**Exercise goal**
Without the pictures, write out all the lines below exactly as they appear.

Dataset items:
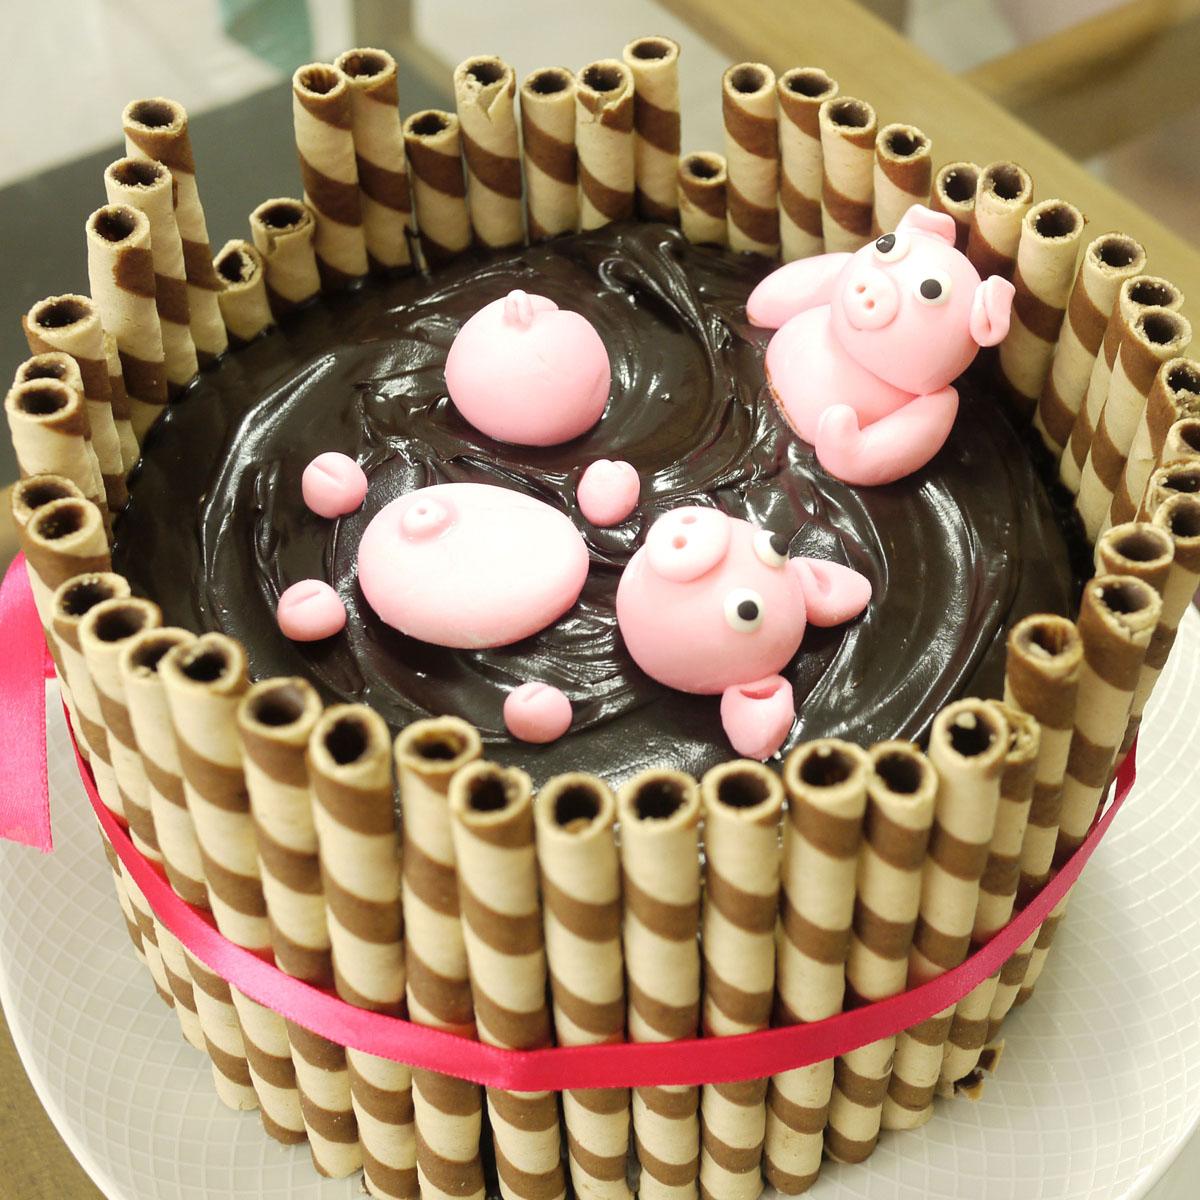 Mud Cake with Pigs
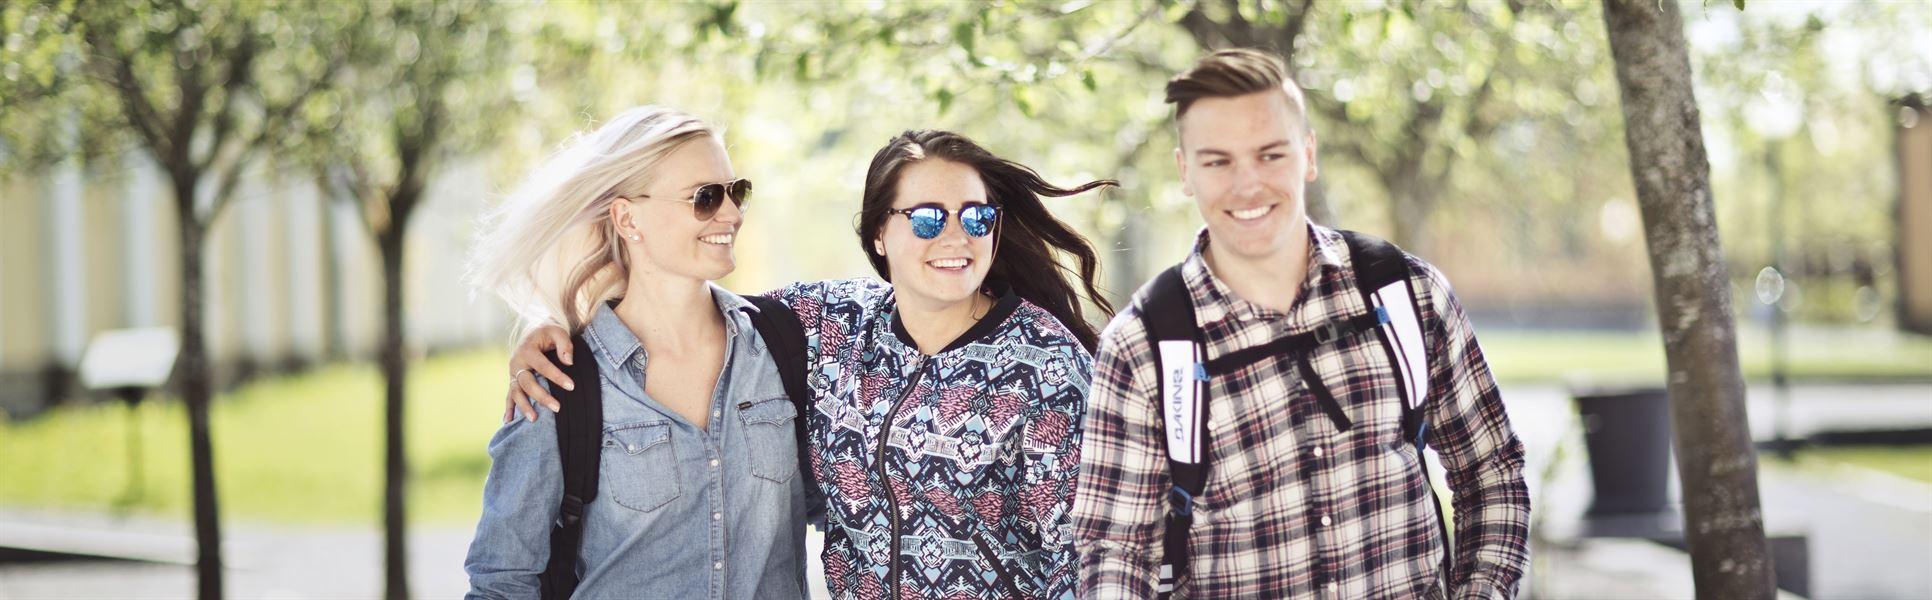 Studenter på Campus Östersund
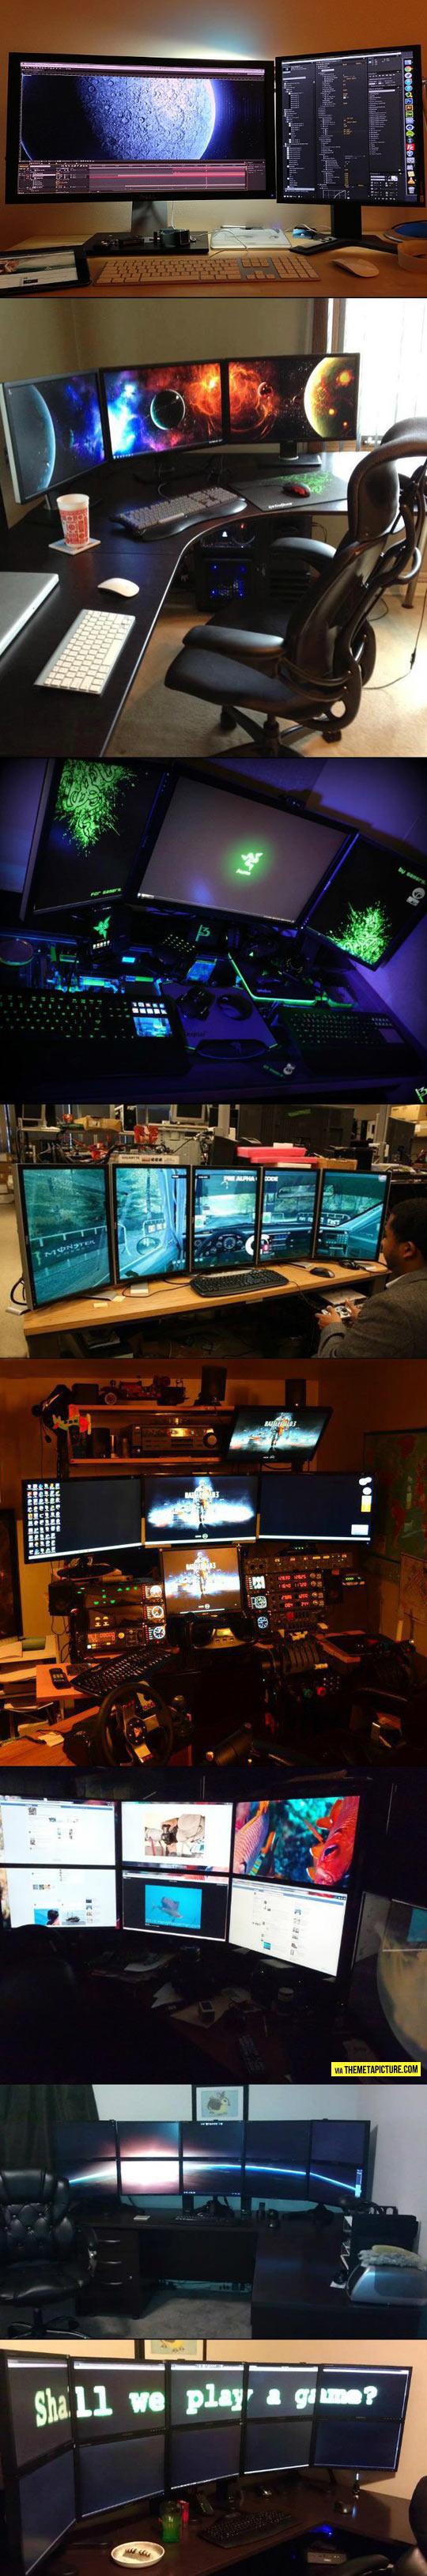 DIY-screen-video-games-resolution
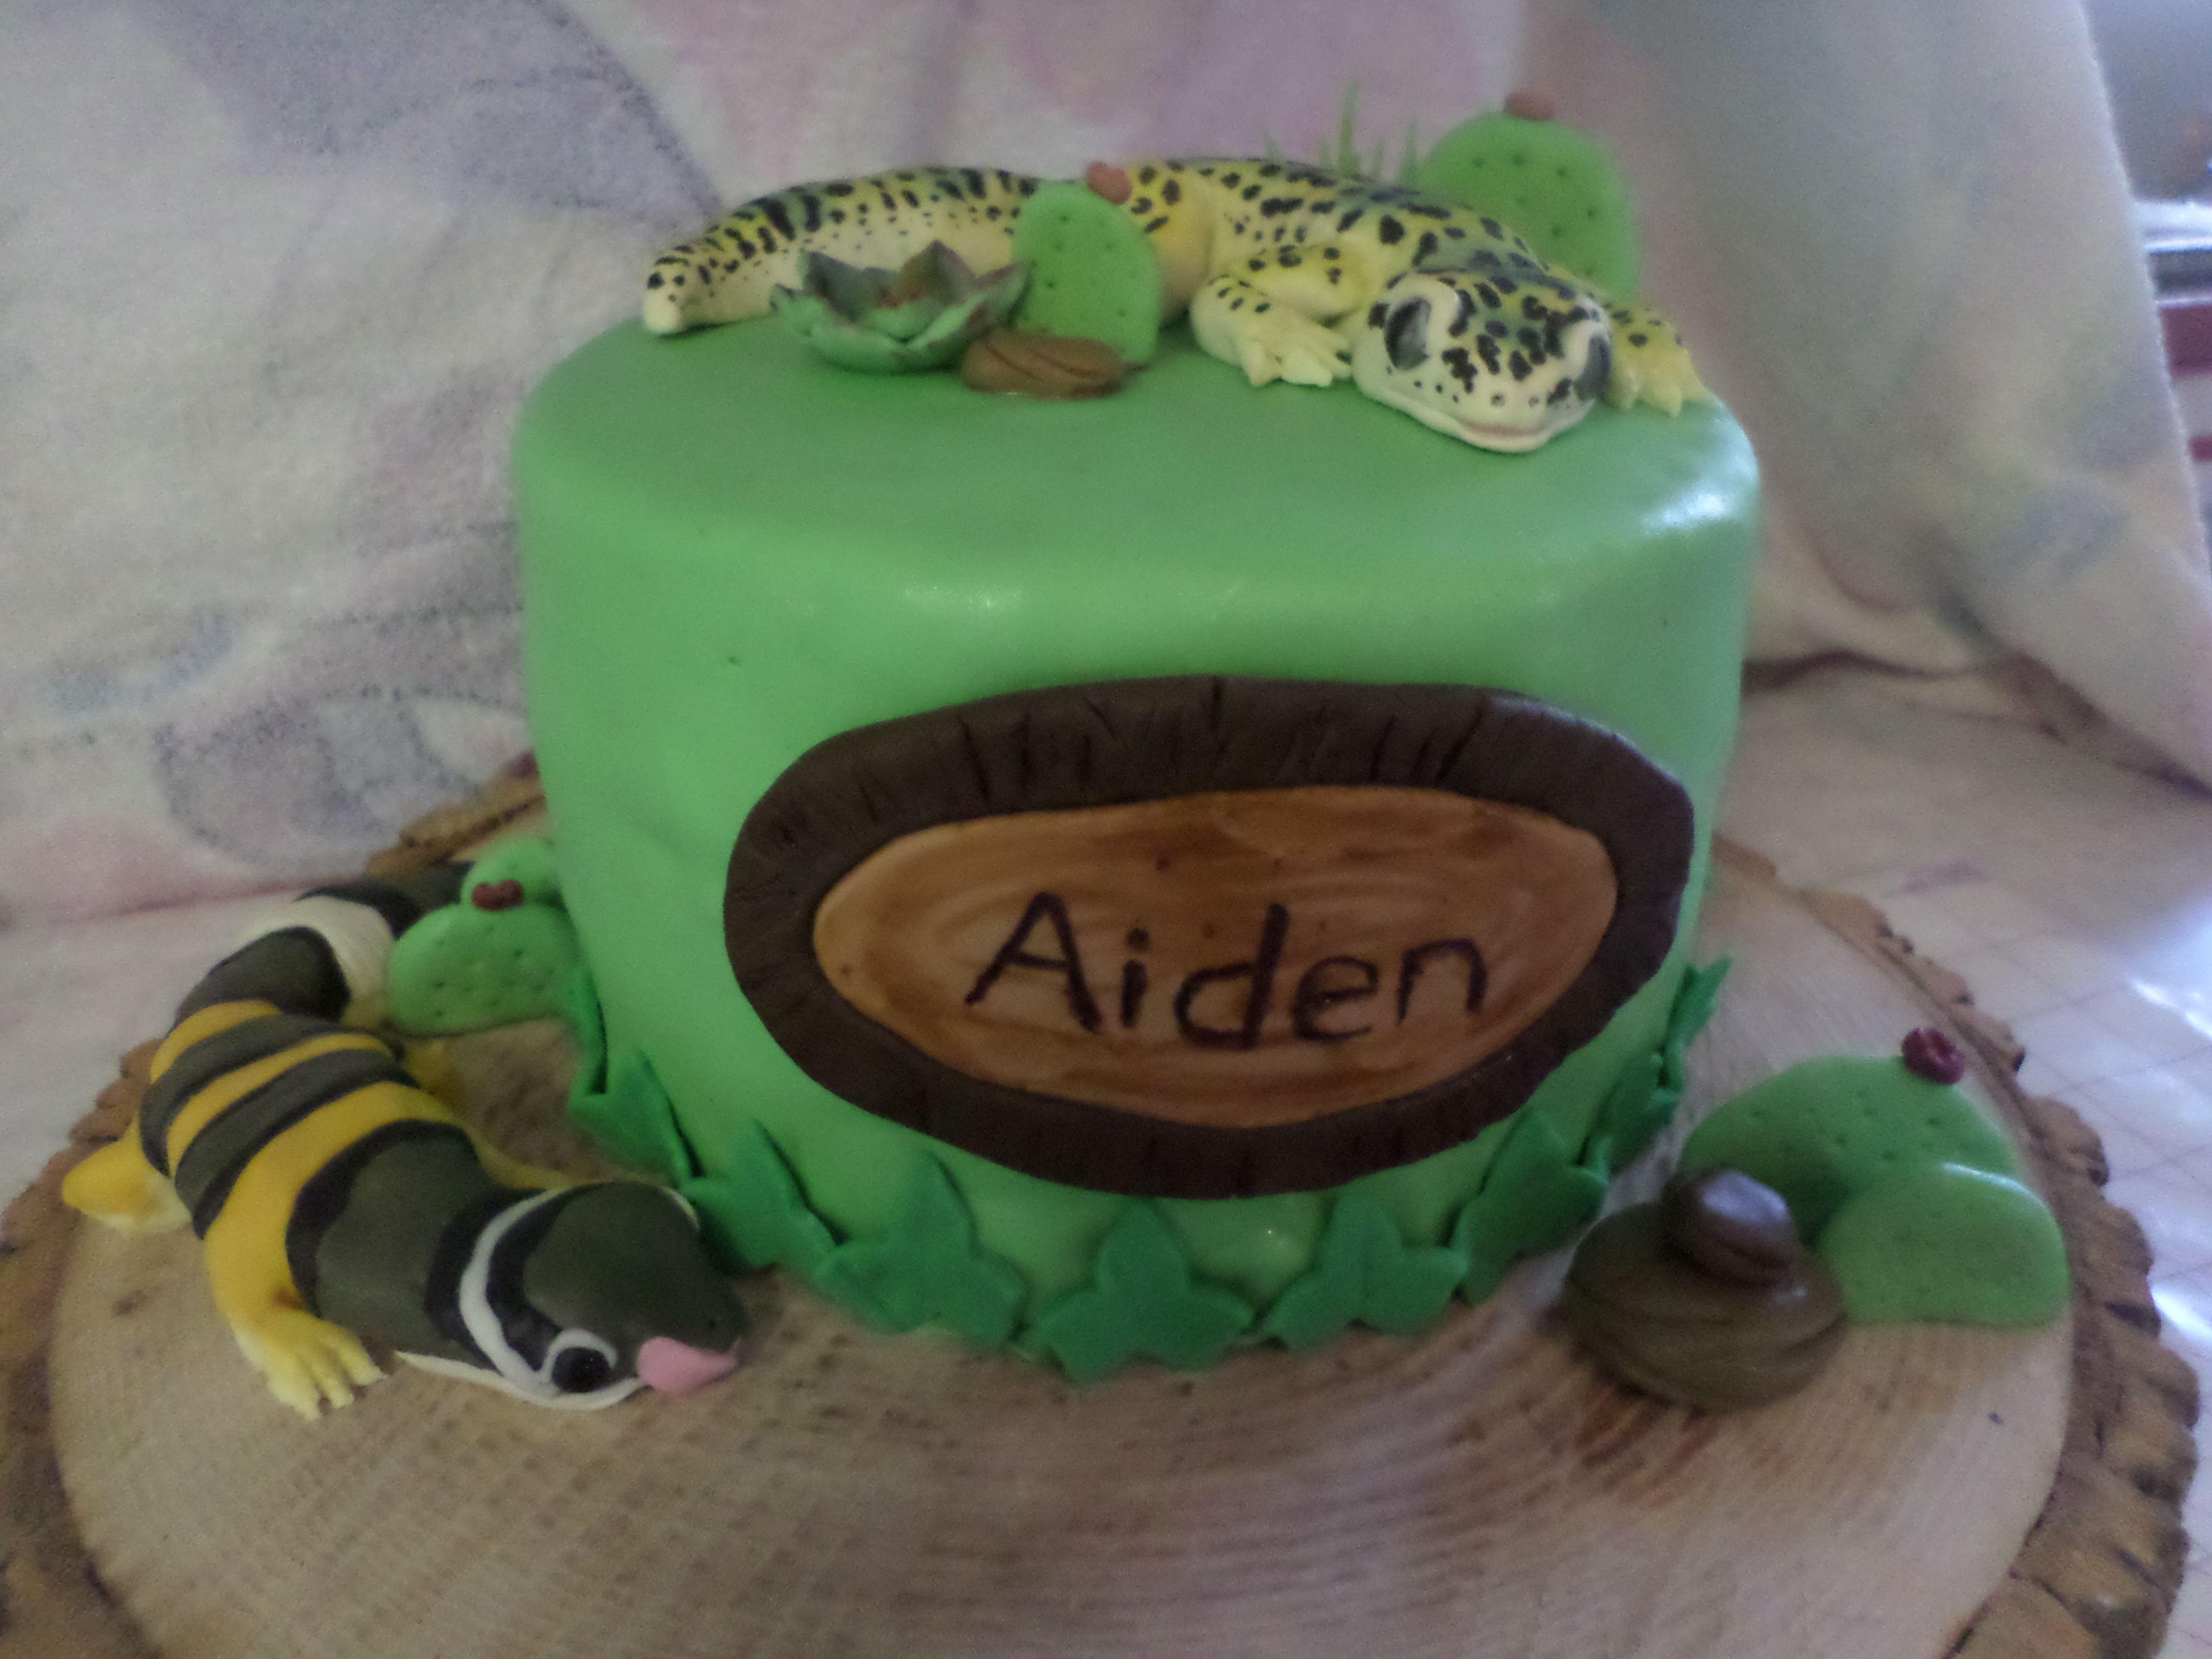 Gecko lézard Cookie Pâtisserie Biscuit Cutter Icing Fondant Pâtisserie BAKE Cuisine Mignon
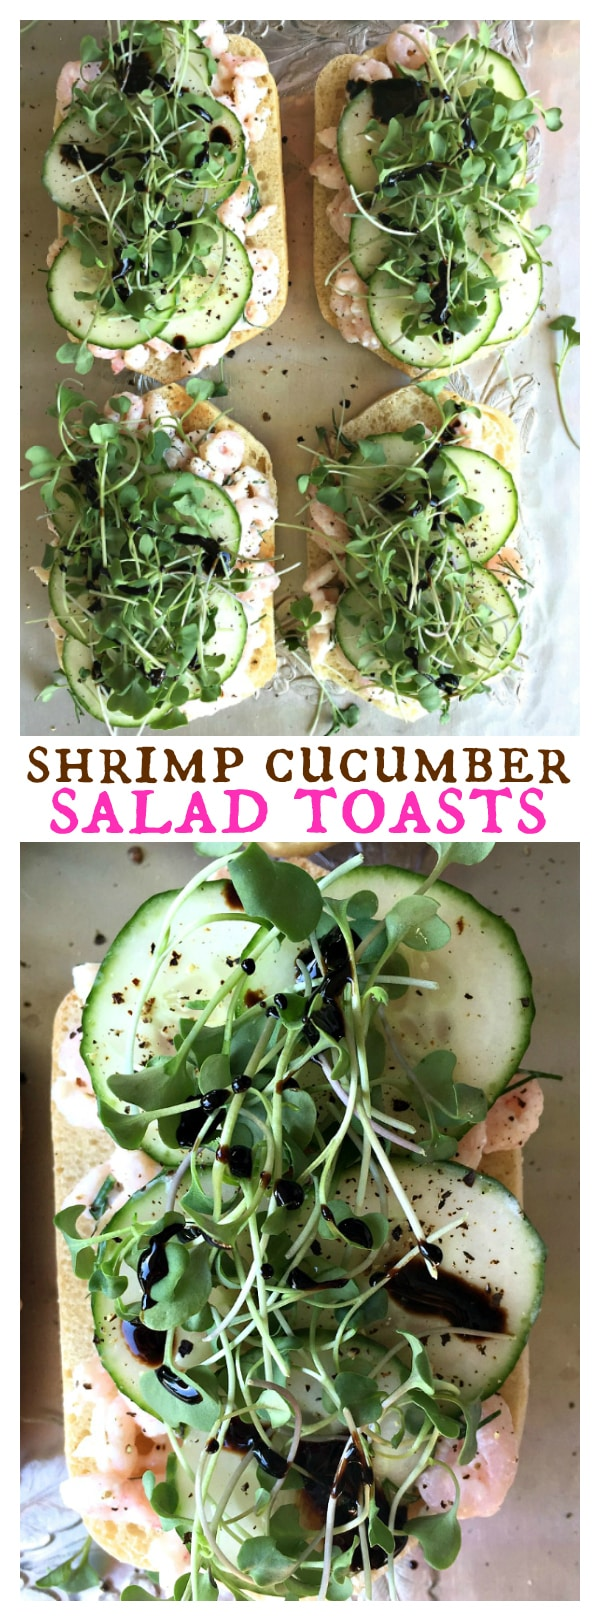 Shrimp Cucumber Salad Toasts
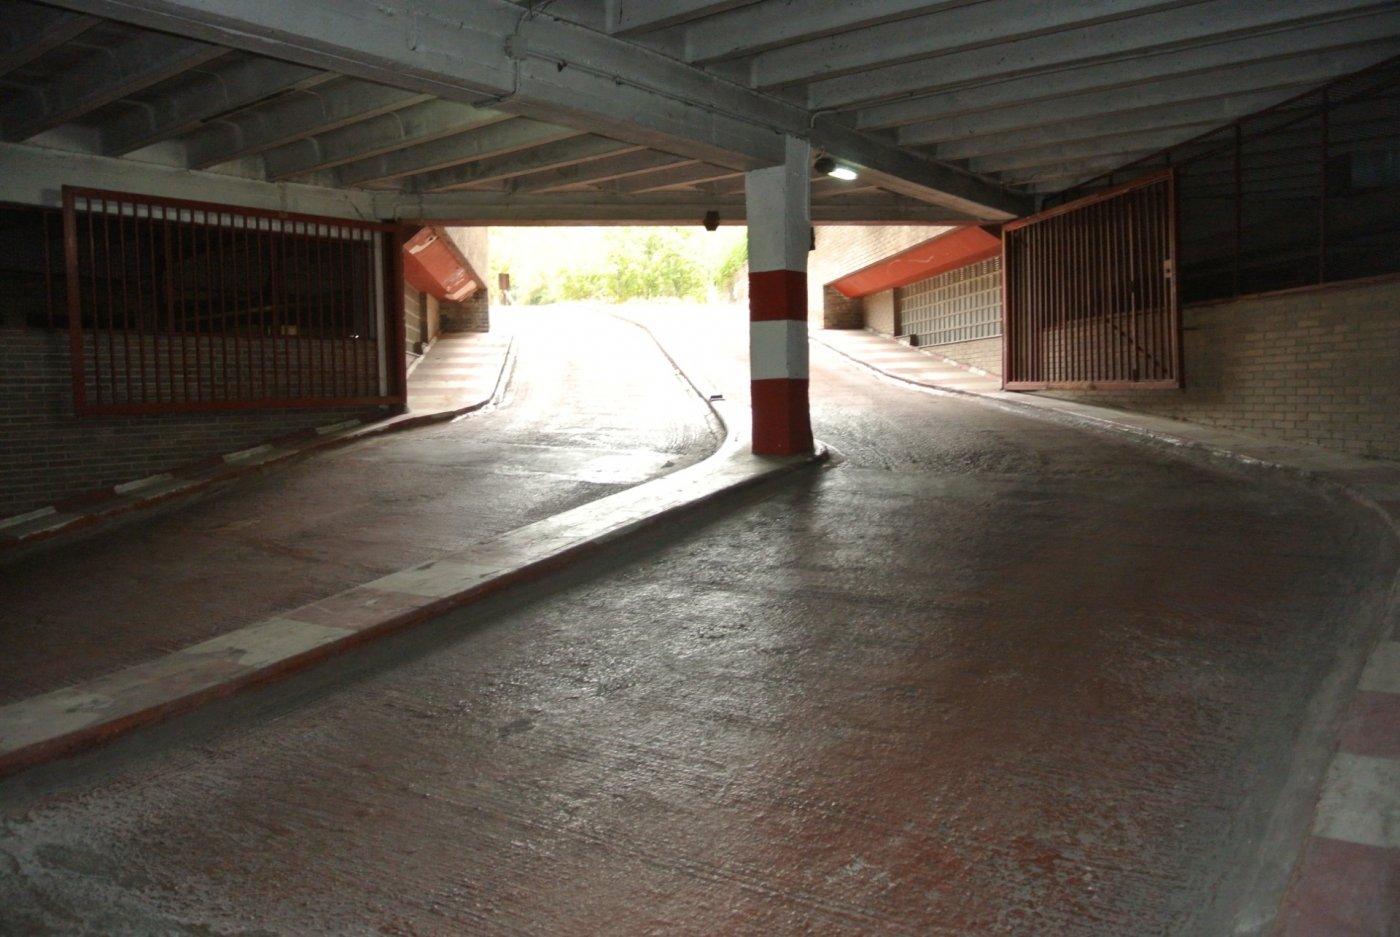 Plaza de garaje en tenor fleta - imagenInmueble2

**Written reply**
 Mud Cake with Pigs
 Studenter på Campus Östersund
 DIY-screen-video-games-resolution
 Gecko lézard Cookie Pâtisserie Biscuit Cutter Icing Fondant Pâtisserie BAKE Cuisine Mignon
 Shrimp Cucumber Salad Toasts
 Plaza de garaje en tenor fleta - imagenInmueble2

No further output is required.